In practice, this is operationalized with regression models. For example, fitting the outcome regression model \(E[Y_2 \mid d_1, d_2] = \beta _0 + \beta _1 d_1 + \beta _2 d_2\) using weighted least squares (using TVT ATE weights) provides estimates of the mean potential outcome at \(t=2\) under any length 2 treatment strategy (e.g., \(\beta _0\) represents the mean potental outcome for the (0, 0) strategy and \(\beta _0 + \beta _1+\beta _2\) for the (1, 1) strategy). Outcome regression models fit with IP-weighted least squares are also called marginal structural models (MSMs).

2.4.2 ATT weights

Weights for ATT estimands (such as group-time ATTs) can be constructed in an analogous way to their construction in the single time point setting (treated units receiving a weight of 1 and control units receiving a weight equal to the conditional odds of treatment). However, in the multiple time period setting, we no longer have just one treated group; there are multiple groups of units who receive treatment (at different time points), and there are correspondingly different sets of ATT weights. Let \({\overline{d}}^*\) represent the treatment strategy for the treatment group of current interest, and let \({\overline{D}}\) represent the treatment strategy of the unit under consideration. The unnormalized ATT weights are given by:

$$\begin{aligned} W^{ATT}({\overline{d}}, {\textbf{X}}) = {\left\{ \begin{array}{ll} 1, &{} {\overline{D}} = {\overline{d}}^* \\ \prod _{t=1}^T \frac{P(D_t=d^*_t \mid {\overline{D}}_{t-1}={\overline{d}}^*_{t-1}, \overline{{\textbf{X}}}_{t})}{P(D_t=d_t \mid {\overline{D}}_{t-1}={\overline{d}}_{t-1}, \overline{{\textbf{X}}}_{t})}, &{} {\overline{D}} \ne {\overline{d}}^* \quad \text {and is a valid control} \\ 0, &{} {\overline{D}} \ne {\overline{d}}^* \quad \text {and is not a valid control} \end{array}\right. } \end{aligned}$$
(6)

Whether or not a unit is a “valid control” depends on (1) the time point t at which causal effects are desired and (2) the type of control units desired: never-treated units or not-yet-treated units. If using never-treated controls, only units following the \({\textbf{0}}_T\) treatment strategy are valid controls. If using not-yet-treated controls, valid controls comprise the never-treated units and the units who have not yet initiated treatment by time t.

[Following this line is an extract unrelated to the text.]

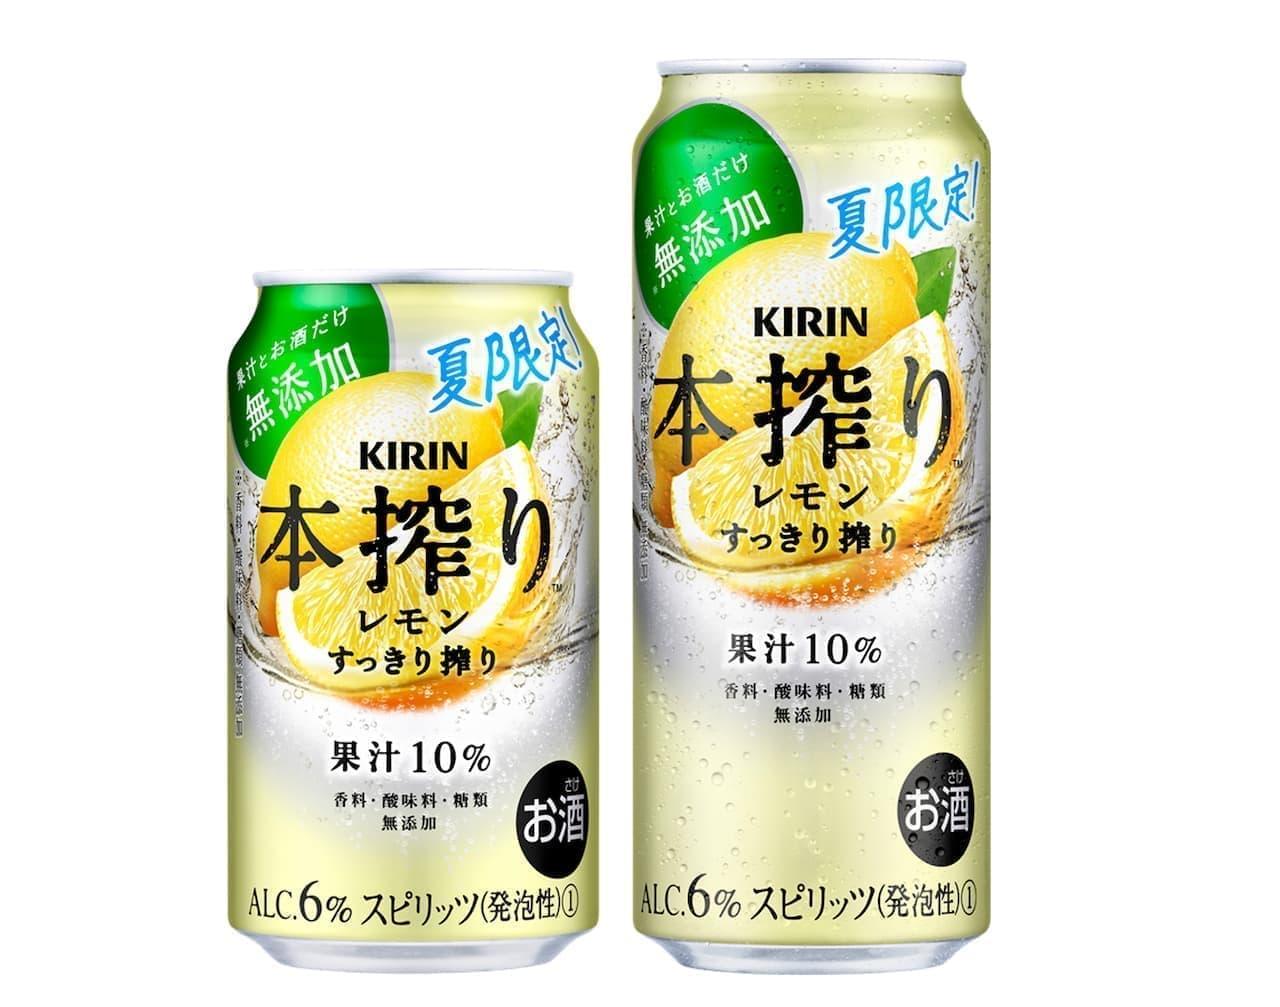 キリンビール「キリン 本搾りTMチューハイ レモン すっきり搾り(期間限定)」

It is useful to make explicit the parallels between single time point ATT weights and the ATT weights described here:

  • In the single time point setting, treated units receive a weight of 1. Here, units following the treatment strategy of interest receive a weight of 1. The mean of \(Y_t\) among these units estimates \(E[Y_t({\overline{d}}^*) \mid {\overline{D}}={\overline{d}}^*]\).

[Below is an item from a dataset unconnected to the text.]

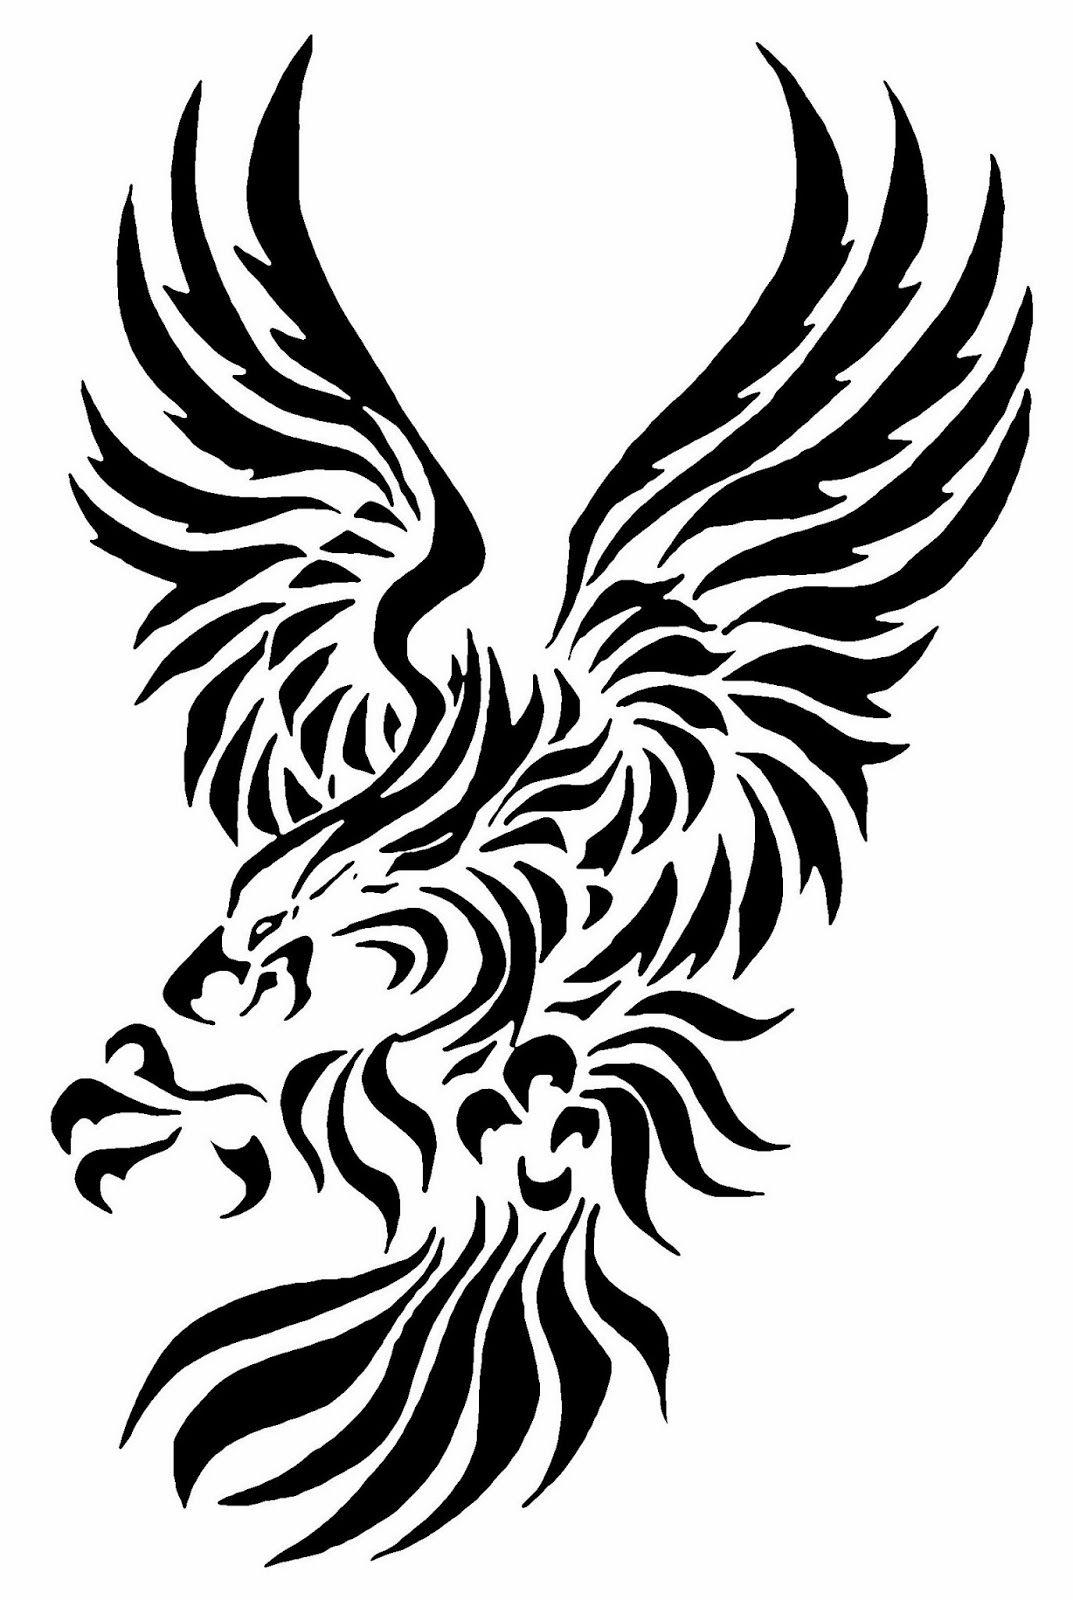 Tatuajes De Aguila Tribal12 Tatuajes Aguilas Disenos De Tatuajes Tribales Diseno De Tatuaje De Pluma

  • In the single time point setting, control units receive a weight equal to the conditional odds of treatment. That is, if \(p({\textbf{X}})\) represents the propensity score, control units receive weights equal to \(p({\textbf{X}})/(1-p({\textbf{X}}))\). The \(1-p({\textbf{X}})\) in the denominator reweights control units to the full sample; it effectively simulates all units in the sample receiving the control condition. The \(p({\textbf{X}})\) in the numerator scales the weight back down to have just the treated units receiving the control condition, allowing for estimation of the treatment effect for just the treated units. Here, the denominator of the weights for valid controls effectively simulates all units receiving each of the control treatment strategies. The numerator scales the weight back down to have just the treated units following the control strategies. The weighted mean of \(Y_t\) among valid controls estimates \(E[Y_t({\overline{0}}) \mid {\overline{D}}={\overline{d}}^*]\).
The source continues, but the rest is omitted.